Sodium channels exhibit electrophysiological modifications in patient-specific iPSC-CMs. (A) Representative sodium currents recorded in CTRL and DM1 iPSC-CMs. The dashed line represents zero current. (B) Normalized current/voltage relationships recorded in CTRL (n = 12), DM1-300 (n = 11), and DM1-1300 (n = 13) iPSC-CMs. Sodium current densities were measured by normalizing current amplitudes to membrane capacitance and were plotted against voltage. (C) Steady-state activation of sodium currents from CTRL and DM1 iPSC-CMs. Activation curves were generated using a standard Boltzmann distribution: G(V)/Gmax = 1/(1 + exp(- (V-V1/2)/k)). Inset shows graph of V1/2. (D) Steady state inactivation of CTRL (n = 12) DM1-300 (n = 9) and DM1-1300 (n = 12). Inactivation currents were obtained using 10-ms test pulses to – 10 mV after a 500-ms pre-pulse to potentials ranging from – 140 to – 20 mV. The inactivation values were fitted to a standard Boltzmann equation: I(V)/Imax = 1/(1 + exp((V − V1/2)/k)) + C. (E) Recovery from inactivation values recorded from CTRL (n = 9), DM1-300 (n = 9), and DM1-1300 (n = 9) iPSC-CMs. The cells were depolarized to – 30 mV for 40 ms from a holding potential of – 100 mV to inactivate the Na+ channels. Test pulses were then applied to – 30 mV for 20 ms to measure current amplitudes, with an interval ranging from 0.1 to 4000 ms. The resulting curves were fitted with a two-exponential equation: (Afast(1 – exp(− t/τfast)) + Aslow(1 − exp(− t/τslow)) + C). (F) The time constants of fast inactivation decay were plotted as a function of voltage for the CTRL and DM1 iPSC-CMs. The time constants were obtained using a single exponential function: (A(exp(− t/τ) + C). Bars indicate SEM. *p < 0.05, ***p < 0.001 (CTRL vs DM1-1300) and ###p < 0.05 (DM1-300 vs DM1-1300) by ANOVA and Tukey’s post hoc test.

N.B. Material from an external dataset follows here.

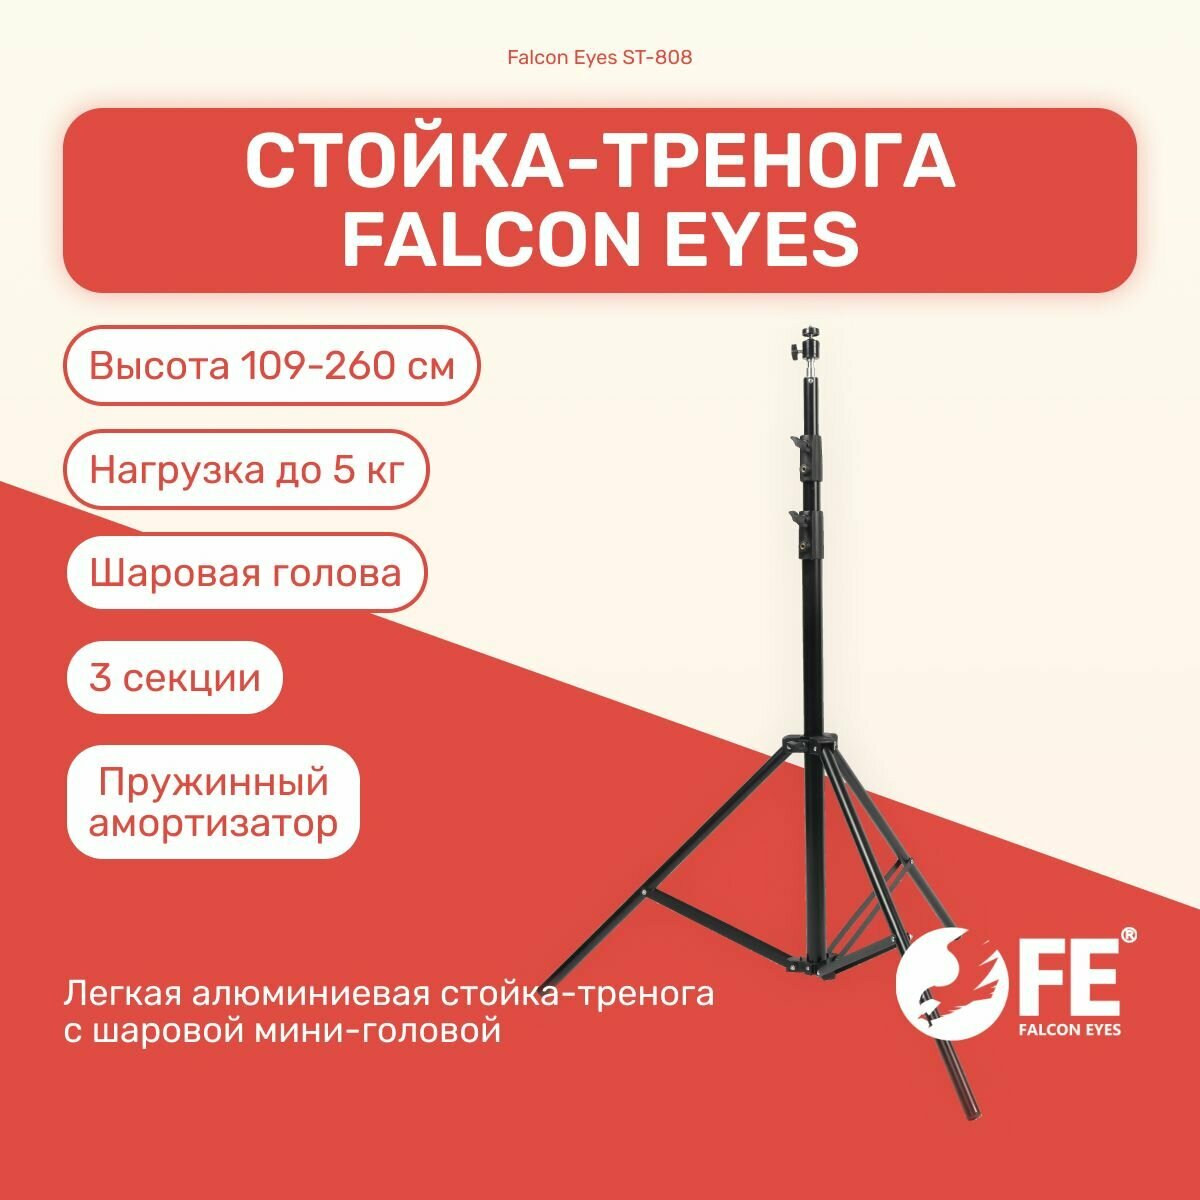 Стойка-тренога Falcon Eyes ST-808 260 см для фото/видеостудии, универсвльная, для светового оборудования, фотозоны, штатив
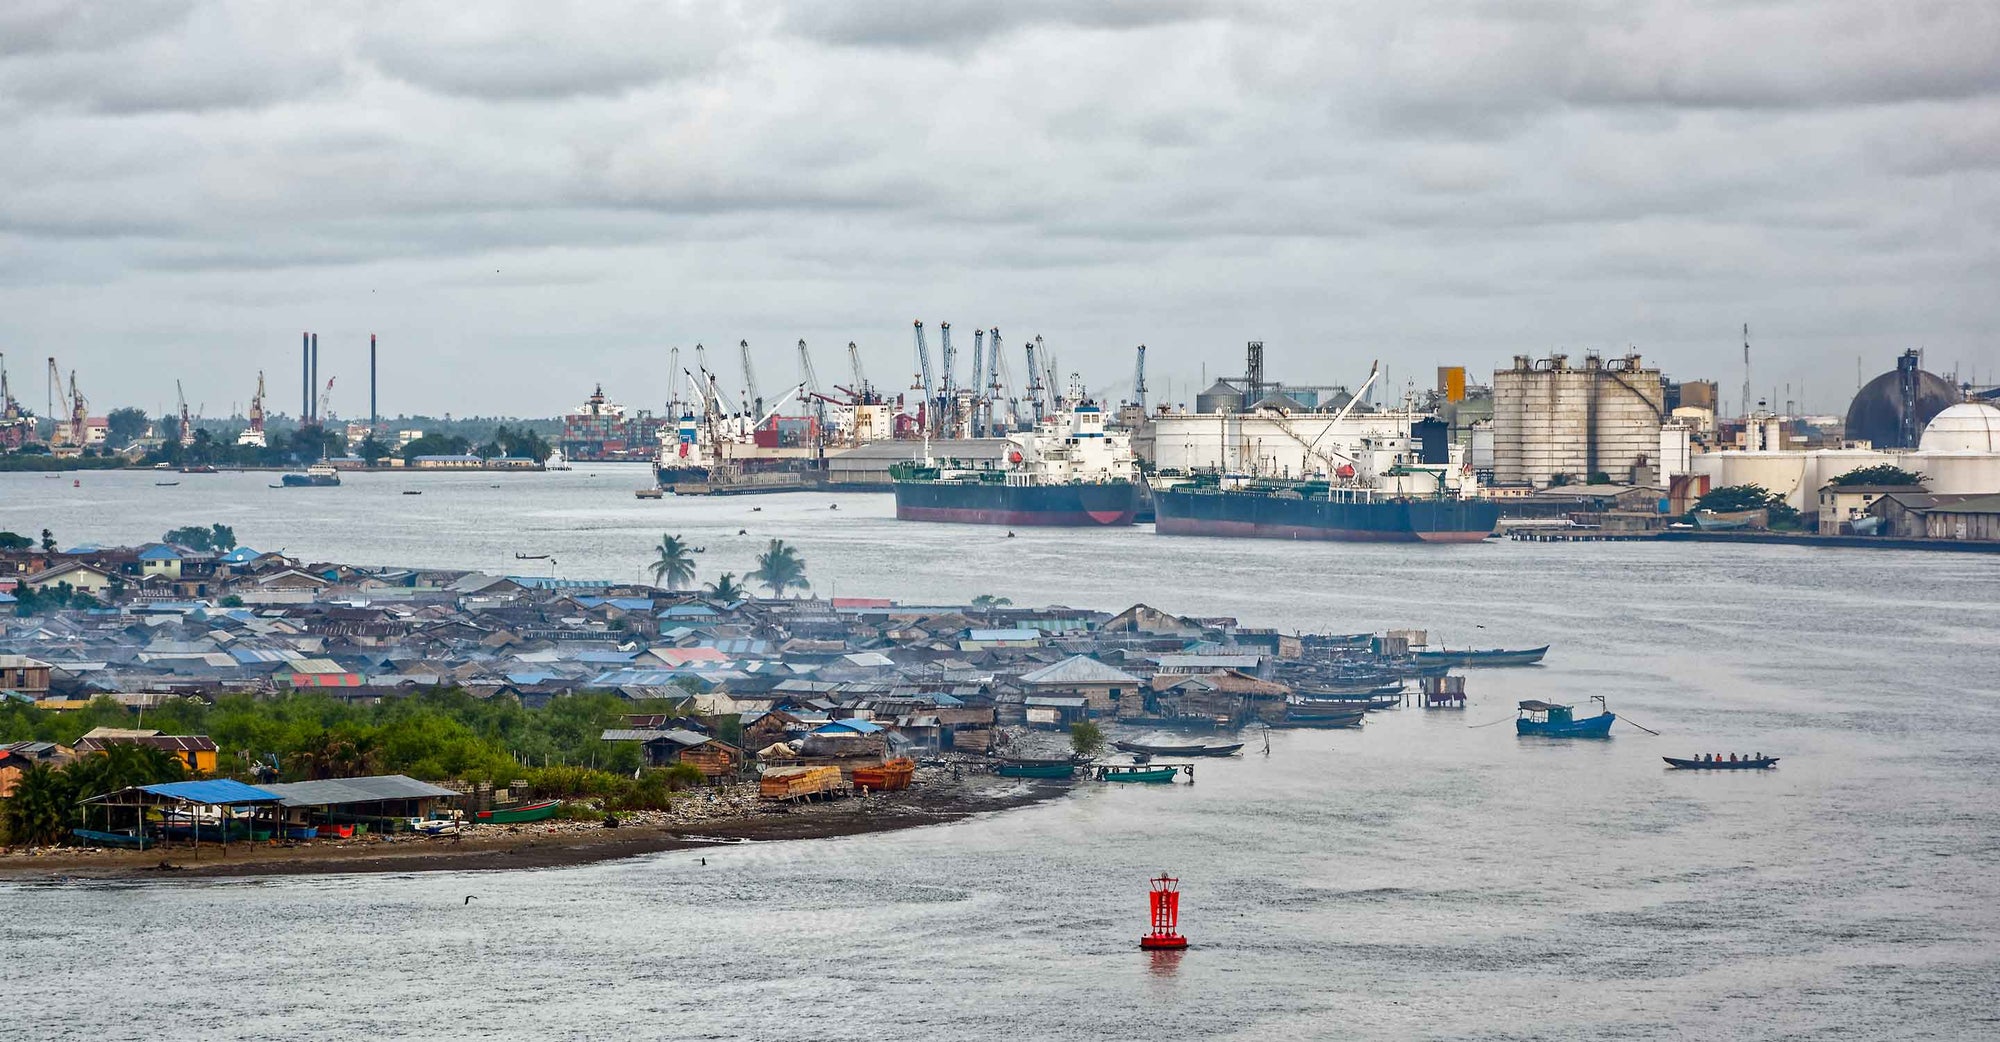 Panoramic shot of Port Harcourt, Nigeria.

DM1-1300 cardiomyocytes exhibit increased calcium currents

L-type calcium channels are responsible for excitation–contraction coupling in cardiac muscle by conducting the inward Ca2+ current (ICaL) that triggers Ca2+ release from the sarcoplasmic reticulum31. We measured this ICaL in the DM1 and CTRL iPSC-CMs (Fig. 4A). Interestingly, ICaL recorded from DM1-1300 iPSC-CMs were characterized by a two-fold increase in ICaL density (Fig. 4B,C). The inactivation of ICaL was also affected, where a significant shift of the steady-state inactivation curves of 8 mV and 6 mV to depolarized potentials was observed in DM1-300 and DM1-1300 iPSC-CMs, respectively, compared to CTRL hiPSC-CMs (CTRL: V1/2 = 34.7 ± 0.4 mV; DM1-300: V1/2 = – 26.1 ± 0.7 mV; DM1-1300: V1/2 = – 29.0 ± 1.2 mV) (Fig. 4D). However, the activation of these Ca2+ channels was the same for the DM1 and CTRL hiPSC-CMs, as revealed by the G/V curves (CTRL: V1/2 = – 4.6 ± 1.0 mV; DM1-300; V1/2 = – 5.3 ± 1.6 mV; DM1-1300: V1/2 = – 4.2 ± 1.1 mV (Fig. 4D).

Figure 4
figure 4

L-type calcium current density is higher in iPSC-CMs from the DM1-1300 patient. (A) Representative L-type Ca2+ current traces recorded from CTRL, DM1-300, and DM1-1300 iPSC-CMs. The dashed line represents zero current (B) L-type Ca2+ channel current–voltage relationships recorded in CTRL (n = 20), DM1-300 (n = 10), and DM1-1300 (n = 17) iPSC-CMs. The current was normalized to the capacitance (pF) of the cells. (C) Dot plot showing the L-type Ca2+ channel current densities recorded at 10 mV. (D) Voltage-dependence of steady-state activation (n = 10–20) and inactivation (n = 7–9) of L-type channel Ca2+ currents. (E) RT-qPCR quantification of the expression of CaV1.2 mRNA in iPSC-CMs. Results are expressed relative to the expression of GATA4 mRNA. (F) Western blot for the quantification of CaV1.2 protein level in CTRL, DM1-300 and DM1-1300 iPSC-CMs. The membrane was cut in three sections and blot with the selected antibody. Panel 1 to 4 (from top to bottom) show CaV1.2, Na/K ATPase pump, GAPDH and total proteins (uncut blot, stain-free technology) signals, respectively. For each group, three samples from three independent differentiation were analyzed. The four panels came from the same gel/blot. Brightness and contrast were adjusted. No nonlinear adjustments were applied. (G) Quantification of CaV1.2 protein level in CTRL (n = 3), DM1-300 (n = 3) and DM1-1300 (n = 3) from western blot is shown in panel F. Results are expressed relative to total protein signal. Bars indicate SEM. **p < 0.01, ***p < 0.001 (CTRL vs DM1-1300) and ##p < 0.01, ###p < 0.001 (DM1-300 vs DM1-1300) as determined by ANOVA and Turkey’s post hoc test.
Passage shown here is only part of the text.